A material cartridge and a frozen beverage device with the same

By optimizing the material cylinder structure, especially the installation position of the worm gear conveyor assembly and the design of the guide plate, the problem of material cylinder blind spot accumulation was solved, achieving more efficient discharge and uniform mixing, and improving the production efficiency and cleanliness of the frozen beverage unit.

CN224368988UActive Publication Date: 2026-06-19NINGBO AQUART ELECTRICAL APPLIANCE CO LTD

Patent Information

Authority / Receiving Office
CN · China
Patent Type
Utility models(China)
Current Assignee / Owner
NINGBO AQUART ELECTRICAL APPLIANCE CO LTD
Filing Date
2025-06-23
Publication Date
2026-06-19

AI Technical Summary

Technical Problem

In existing horizontal frozen beverage equipment, the material cylinders tend to accumulate in blind spots during the conveying process, affecting the discharge efficiency.

Method used

Design a material cylinder with a worm gear conveyor assembly whose axis is located below the axis of the first chamber. The inner diameter of the second chamber is smaller than the second arc surface of the first arc surface. A guide plate is provided on the inner wall of the inlet, and the guide plate is inclined away from the outlet. Combined with a sealing plate and a limiting plate, the material flow path is optimized and impurities are prevented from entering.

Benefits of technology

It reduces material accumulation, improves discharge efficiency and flow, ensures uniform mixing of materials, and enhances the production stability and cleanliness of the frozen beverage unit.

✦ Generated by Eureka AI based on patent content.

Smart Images

  • Figure CN224368988U_ABST
    Figure CN224368988U_ABST
Patent Text Reader

Abstract

The application relates to a material cylinder and a frozen beverage device with the same, and belongs to the technical field of frozen beverage devices. The material cylinder comprises a cylinder body, the cylinder body is internally provided with a mounting chamber for mounting a worm conveying assembly, the mounting chamber comprises a first chamber and a second chamber in the height direction, the inner wall of the first chamber is a first arc surface, the axis of the worm conveying assembly is located below the axis of the first chamber, the inner wall of the second chamber comprises a second arc surface and a connecting guide surface connecting the first arc surface and the second arc surface, and the inner diameter of the second arc surface is smaller than that of the first arc surface. The application reduces the probability of material accumulation in the blind area and improves the discharging effect of the material.
Need to check novelty before this filing date? Find Prior Art

Description

Technical Field

[0001] This application relates to the field of frozen beverage apparatus technology, and in particular to a material cylinder and a frozen beverage apparatus having the material cylinder. Background Technology

[0002] In recent years, the tea beverage industry has experienced explosive growth, with milk tea shops, fast food chains, coffee shops, and other commercial establishments springing up like mushrooms after rain. Frozen beverage equipment is used for making smoothies, ice cream, and...

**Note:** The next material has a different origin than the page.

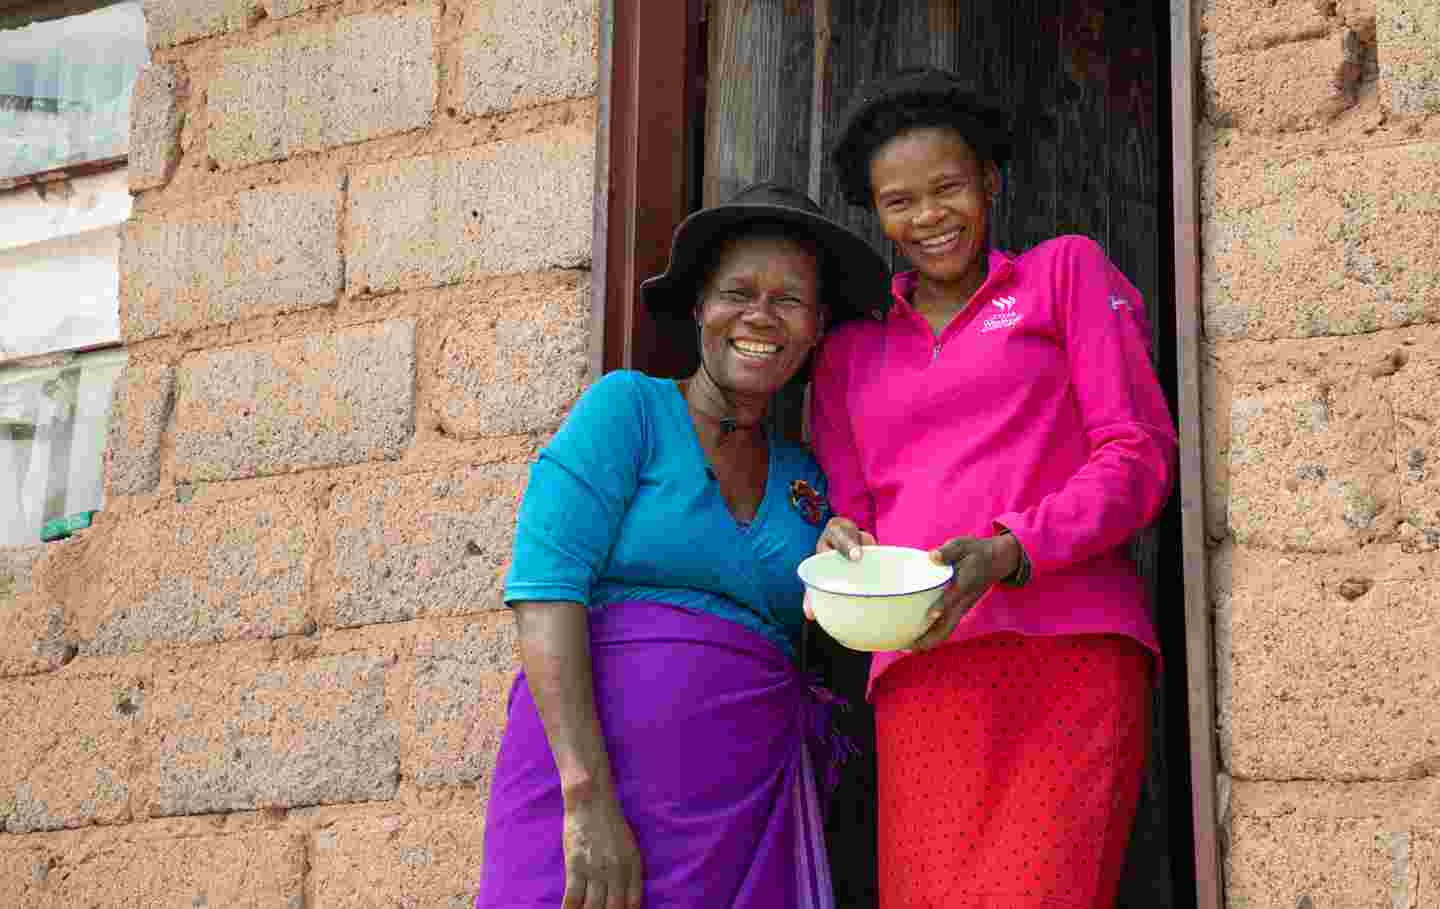 Kaksi hymyilevää ihmistä kotitalonsa edessä Eswatinissa.

[0003] It is a mainstream equipment for beverage processing and is widely used in the market.

[0004] Horizontal frozen beverage units are favored for their large capacity and durability. A typical horizontal frozen beverage unit includes a main body, refrigeration components, a control module, and a material cylinder. The material cylinder is horizontally positioned and contains a motor-driven worm gear conveyor. A feed inlet is located at the top of the material cylinder. During operation, the beverage (fruit juice) is added to the feed inlet, then cooled by an evaporator inside the cylinder. Finally, the worm gear conveyor pushes the beverage to the ice outlet.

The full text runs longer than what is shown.